4.1. Weighted-Centroid Method

The weighted-centroid method was proposed for fingerprinting positioning in reference [37] as a simple and low-complexity approach. The estimated position is calculated as the weighted average of the AP positions heard in the unknown position.

Using the set of visible APs as $\mathcal{H}$ and the known AP positions as ${\mathbf{c}}_{ap}(x_{ap},y_{ap}),ap=1,...,\mathcal{H}$, the weighted-centroid position estimation is calculated as:

$${\widehat{c}}_{MS,wc}=\frac{{\sum }_{ap\in \mathcal{H}}{w}_{ap}{c}_{ap}}{{\sum }_{ap\in \mathcal{H}}{w}_{ap}},$$

(1)

where $w_{ap}$ are weight functions.

Weighting is done according to the distance to the APs’ positions. Since the RSS can be used as a distance function to the APs, the weights can be replaced by the RSS, using the measurement vector ${\mathbf{m}}_n={[m_{n,1},m_{n,2},...,m_{n,N_{ap}}]}^T,n=1,...,N_{fp},$ where $N_{fp}$ is the number of measurements collected and $m_{(x,y),ap}$ is the RSS received from the AP $ap$ at coordinates $(x,y)$, resulting in the following RSS-based equation for the weighted-centroid method:

$${\widehat{c}}_{MS,wc}=\frac{{\sum }_{ap\in \mathcal{H}}{m}_{MS,ap}{c}_{ap}}{{\sum }_{ap\in \mathcal{H}}{m}_{MS,ap}}.$$

(2)

Since our proposed technique is aimed at using crowdsensed measurements, the APs’ positions will not be known. Thus, the position of all measured APs was estimated as a first step using the weighted-centroid approach, similarly to the above steps.

4.2. Log-Gaussian Distance Method

The log-Gaussian distance method used in our paper was applied similarly as proposed in [38]. The position estimation was attained by the help of a weighted K nearest neighbor calculation on the most similar fingerprints stored in the database. The metric used to extract similar measurements to the one with the unknown position was based on the logarithmic Gaussian distance (LGD). The LGD between two measurement vectors $\mathbf{p}$ and $\mathbf{r}$ is:

$$LGD(\mathbf{p},\mathbf{r})=-\sum _i\log \max (G({\mathbf{p}}_{\mathbf{i}},{\mathbf{r}}_{\mathbf{i}}),ϵ),$$

(3)

where $\left(G\right(p,r)$ is the Gaussian similarity between two values p and r, defined as:

$$G(p,r)=\left\{\begin{array}{cc}\frac{1}{\sqrt{2\pi {\sigma }^2}}\exp \left(-\frac{{(p-r)}^2}{2{\sigma }^2}\right),\hfill & \mathrm{if} p\ne 0andq\ne 0,\hfill \\ 0,\hfill & \mathrm{otherwise}.\hfill \end{array}\right.$$

(4)

4.3. Primary Results

The initial results for both algorithms when applied to the complete test area fingerprint database showed the following mean 2D error:

• 30.017 m for the weighted centroid method;
• 45.414 m for the log-Gaussian distance method.
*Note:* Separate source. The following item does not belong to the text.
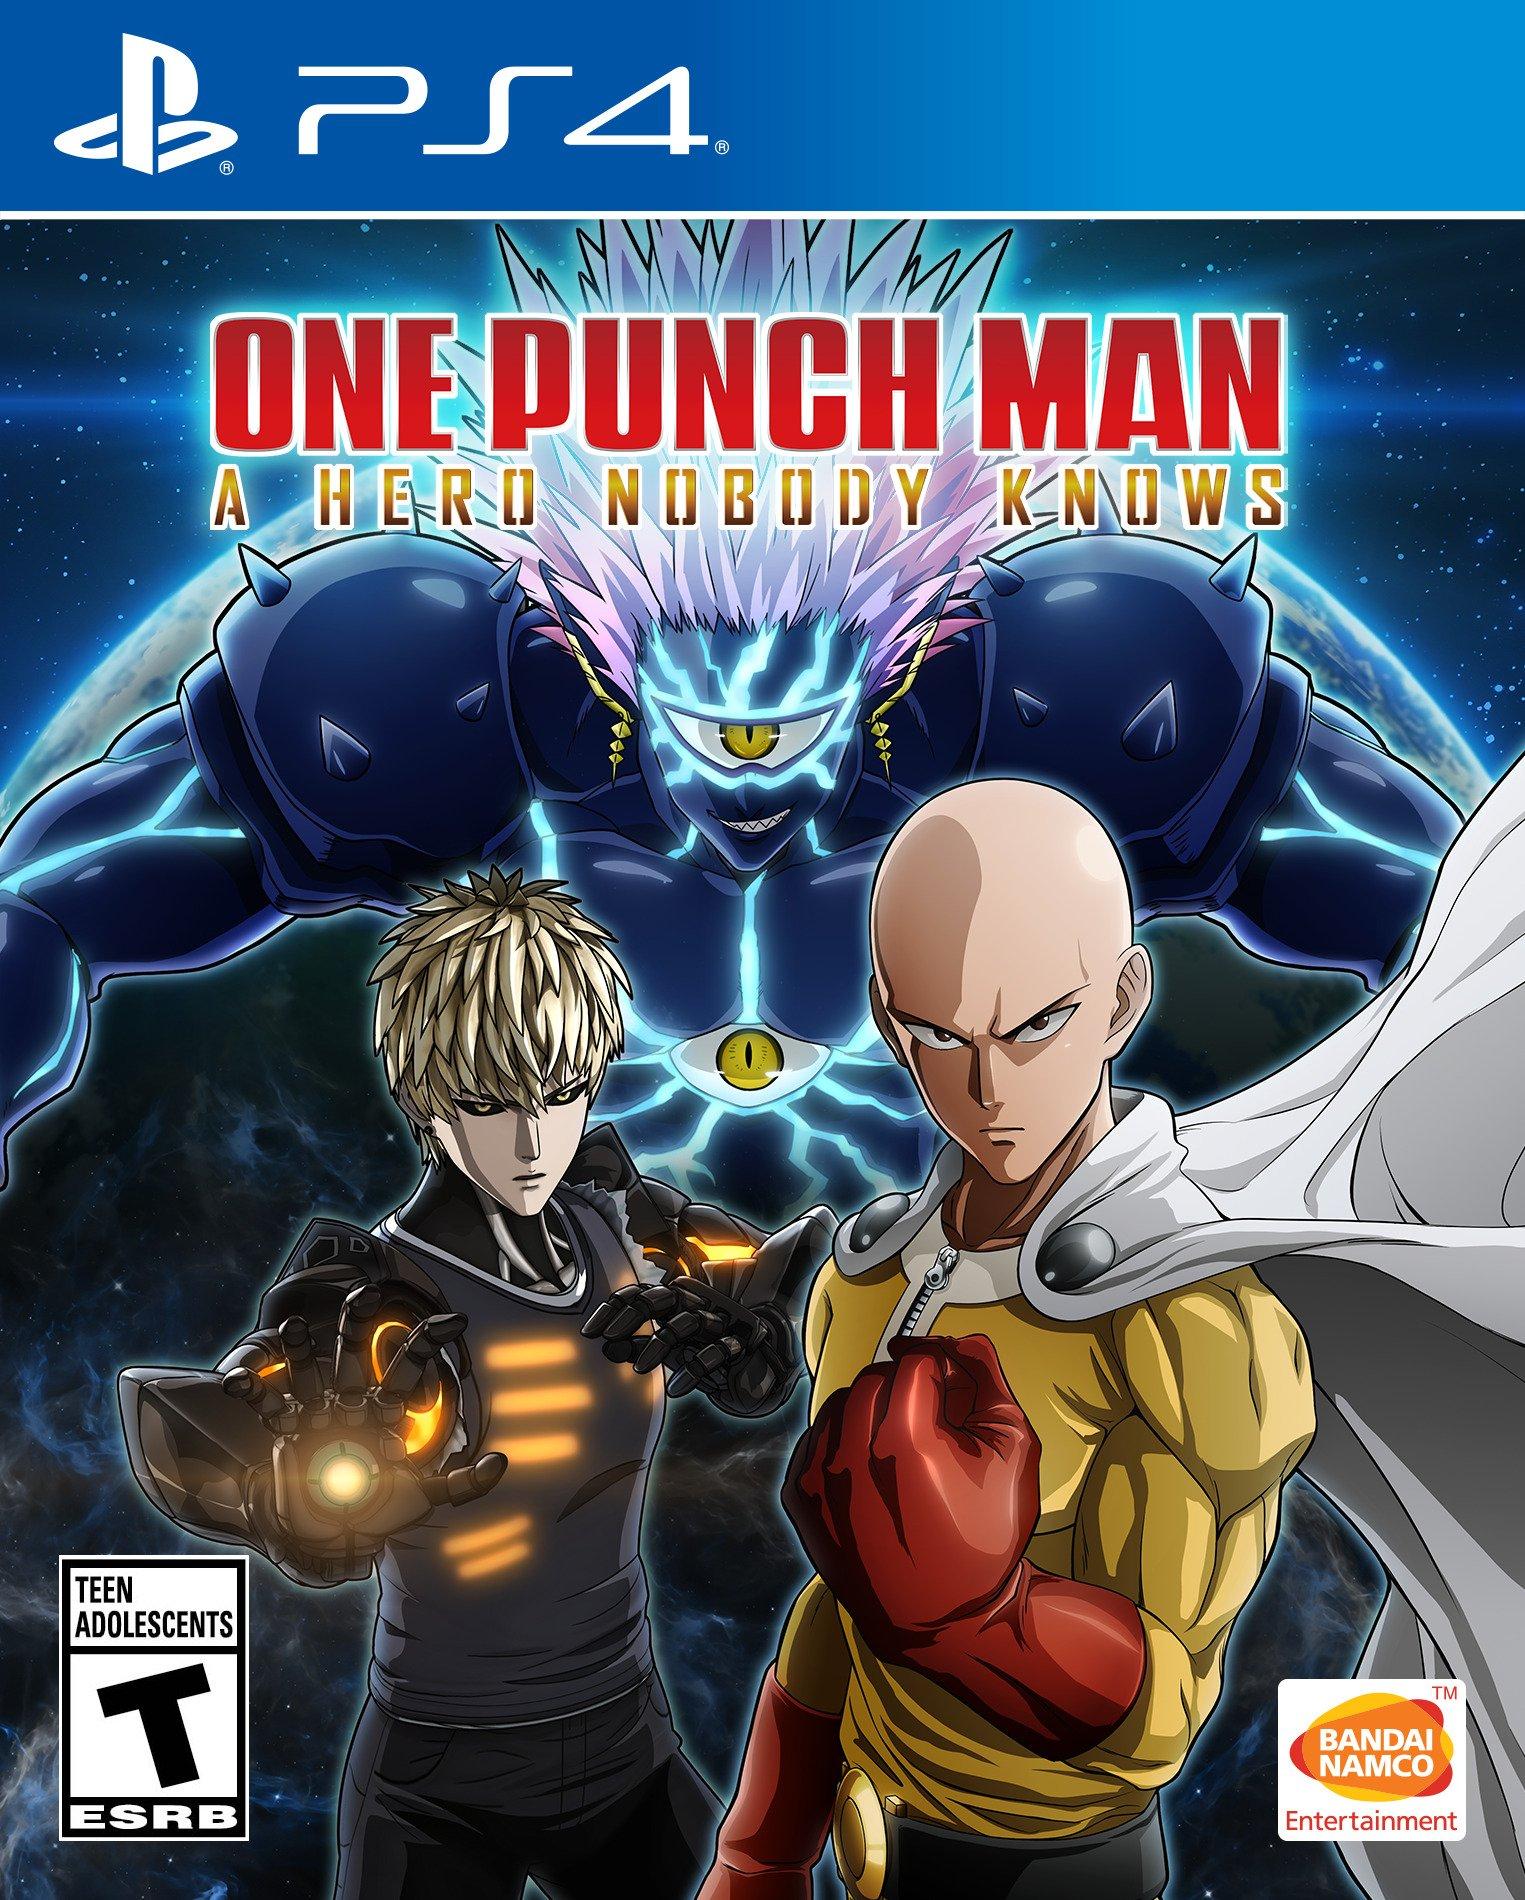 ONE-PUNCH MAN VOL 25  UNBOXING E REVIEW DO MANGÁ

These mean error values are significantly higher than those reported in previous studies where the test area had a smaller surface and was placed indoors, for example, approximately 10 m in [17] or approximately 6 m in [39]. When compared to previous results reported in papers evaluating positioning accuracy in urban environments, the attained results using crowdsensed data are similar, for example, reference [40] reports an average positioning accuracy between 23.5 and 36 m, while reference [41] reports errors between 35 and 120 m. When comparing indoor fingerprinting positioning research with outdoor fingerprinting positioning research results, we observe that the mean errors of outdoor systems are by an order of magnitude larger than those of indoor systems.

The mean error of outdoor fingerprinting positioning systems can be reduced using database processing, as proposed in [15,42,43], which publish results closing a 15-m average positioning error. The fingerprint database processing in the referenced papers involved eliminating the fingerprints of APs with an estimated coverage radius larger than 300 m and those of APs suspected to be mobile.

4.4. Characterization of the Positioning Algorithms

Each method has its characteristics which influence the resulting positioning error and also the way they benefit from the crowdsensed fingerprints. The implementation of the weighted-centroid method requires an initial step preceding the actual positioning that requires the estimation of the position of all the APs in the fingerprint database. Using crowdsensed data for AP position estimation can easily lead to errors in estimating the AP’s exact location. This is to be expected, as crowdsensed fingerprints are collected alongside roads or near buildings. The initial step mandates the study of the influence number of crowdsensed fingerprints for each AP.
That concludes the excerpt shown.